-------- Given records --------

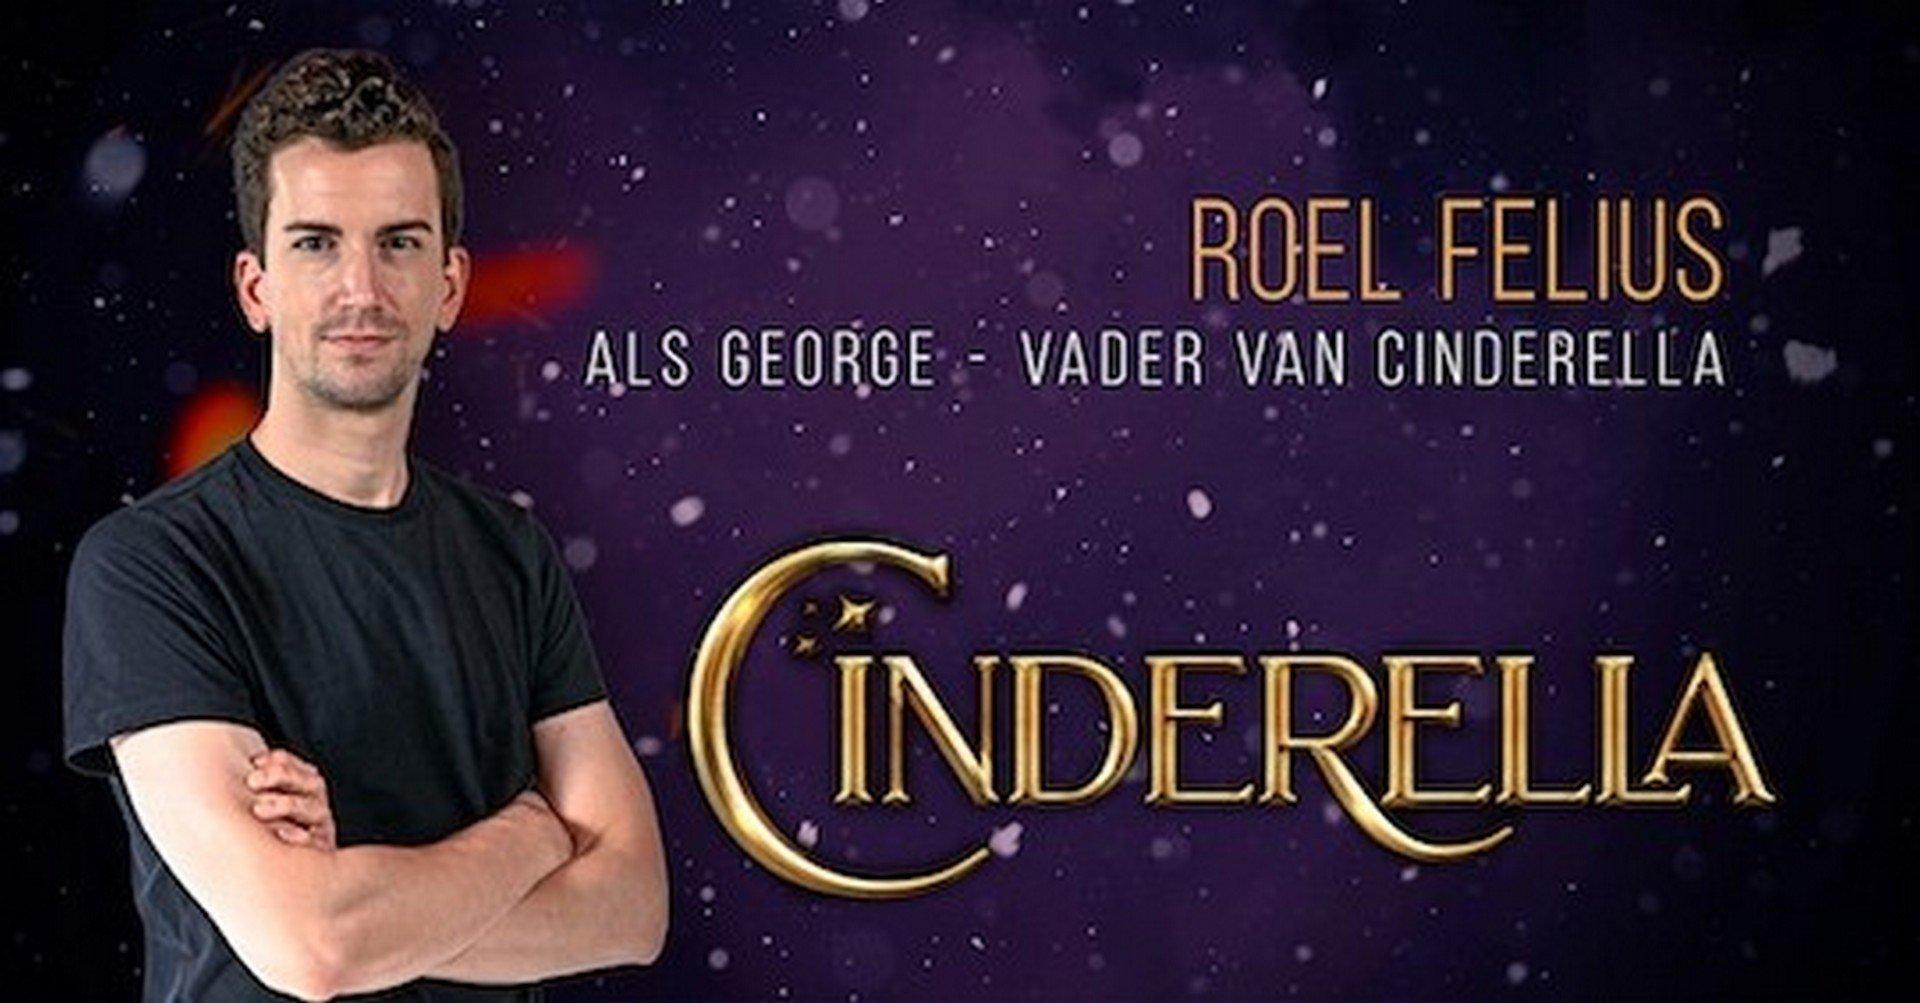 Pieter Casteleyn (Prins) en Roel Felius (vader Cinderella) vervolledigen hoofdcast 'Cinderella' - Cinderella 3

--------
-------- Given records --------

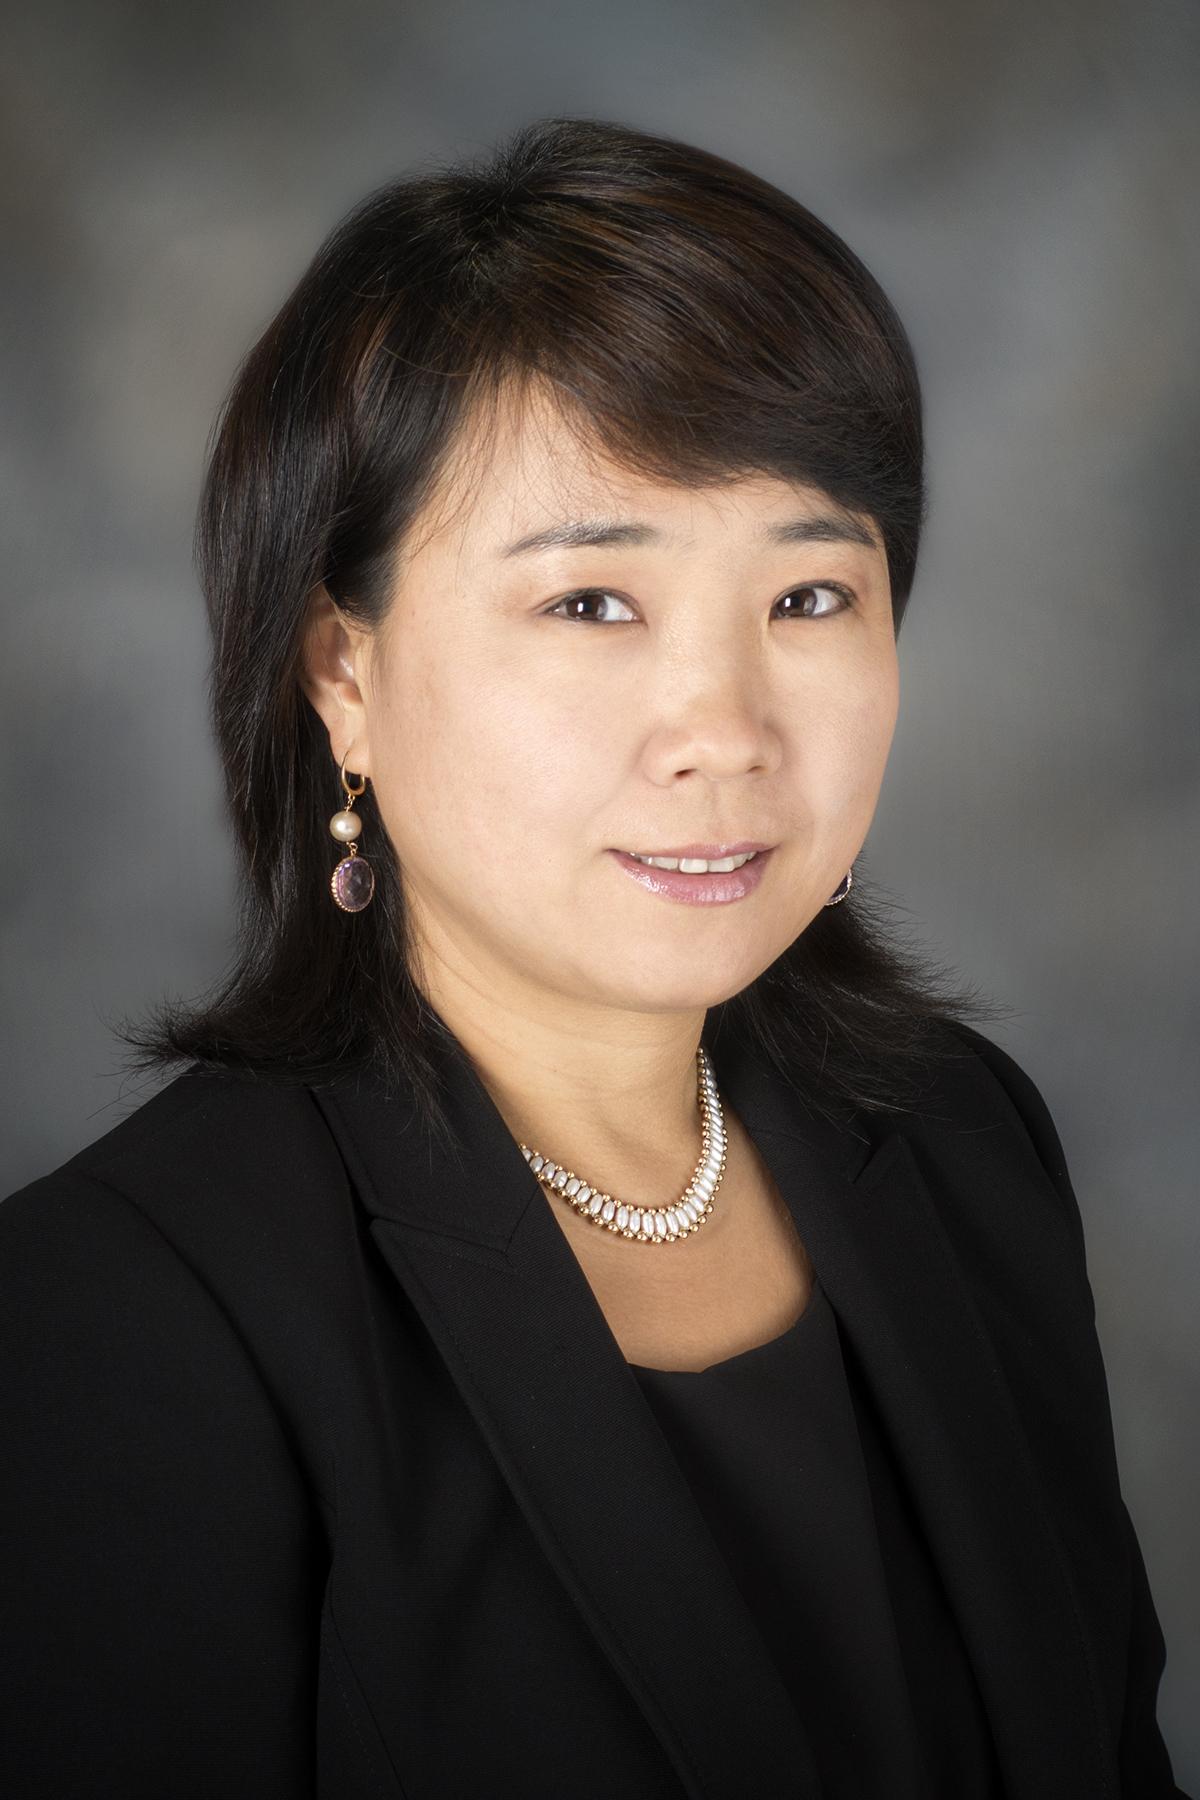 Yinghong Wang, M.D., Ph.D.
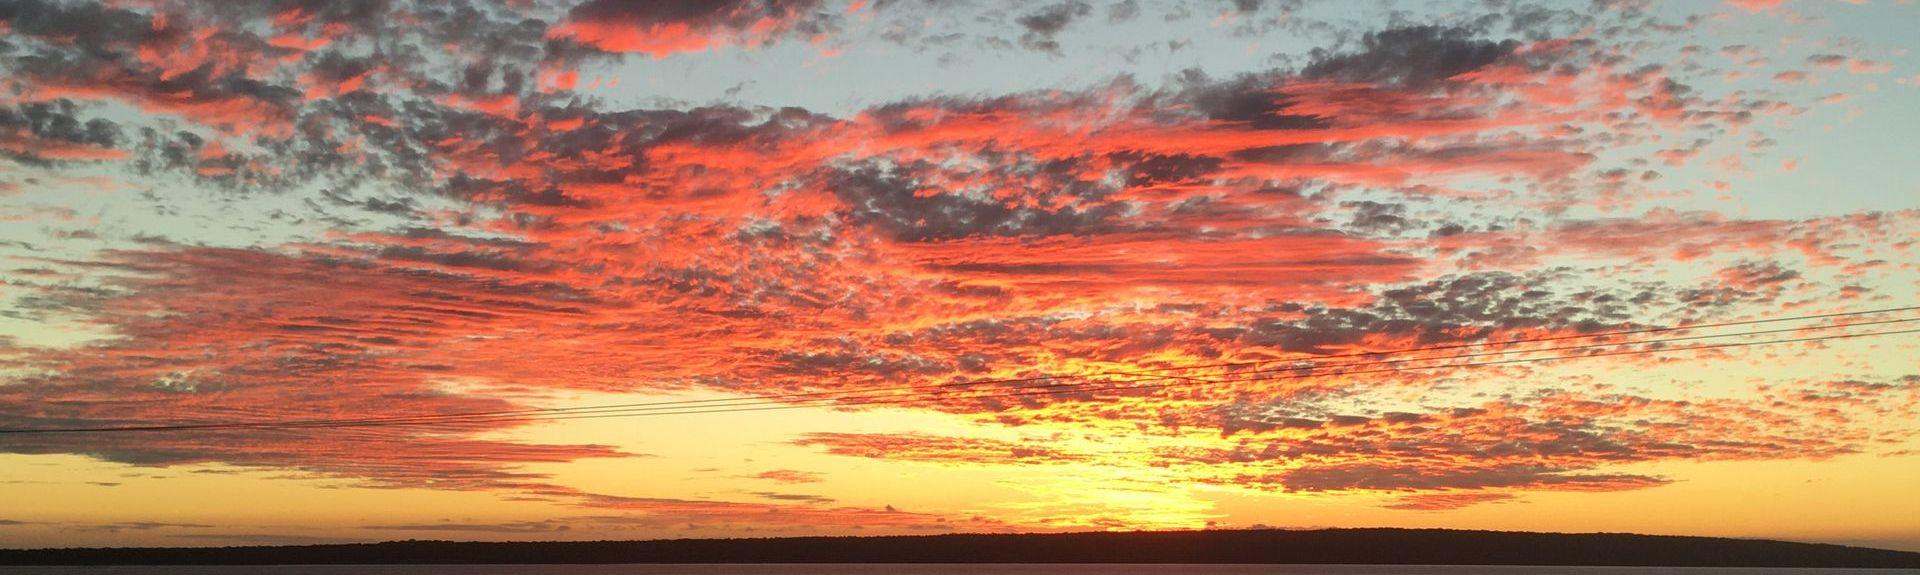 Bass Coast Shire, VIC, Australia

--------

▶ [What the task requires]:
All that is wanted is the lines above between the one containing "Yinghong Wang, M.D., Ph.D." and the one containing "Bass Coast Shire, VIC, Australia", inclusive, restated word for word, with pictures omitted.

▶ [Written reply]:
 Yinghong Wang, M.D., Ph.D.
 Bass Coast Shire, VIC, Australia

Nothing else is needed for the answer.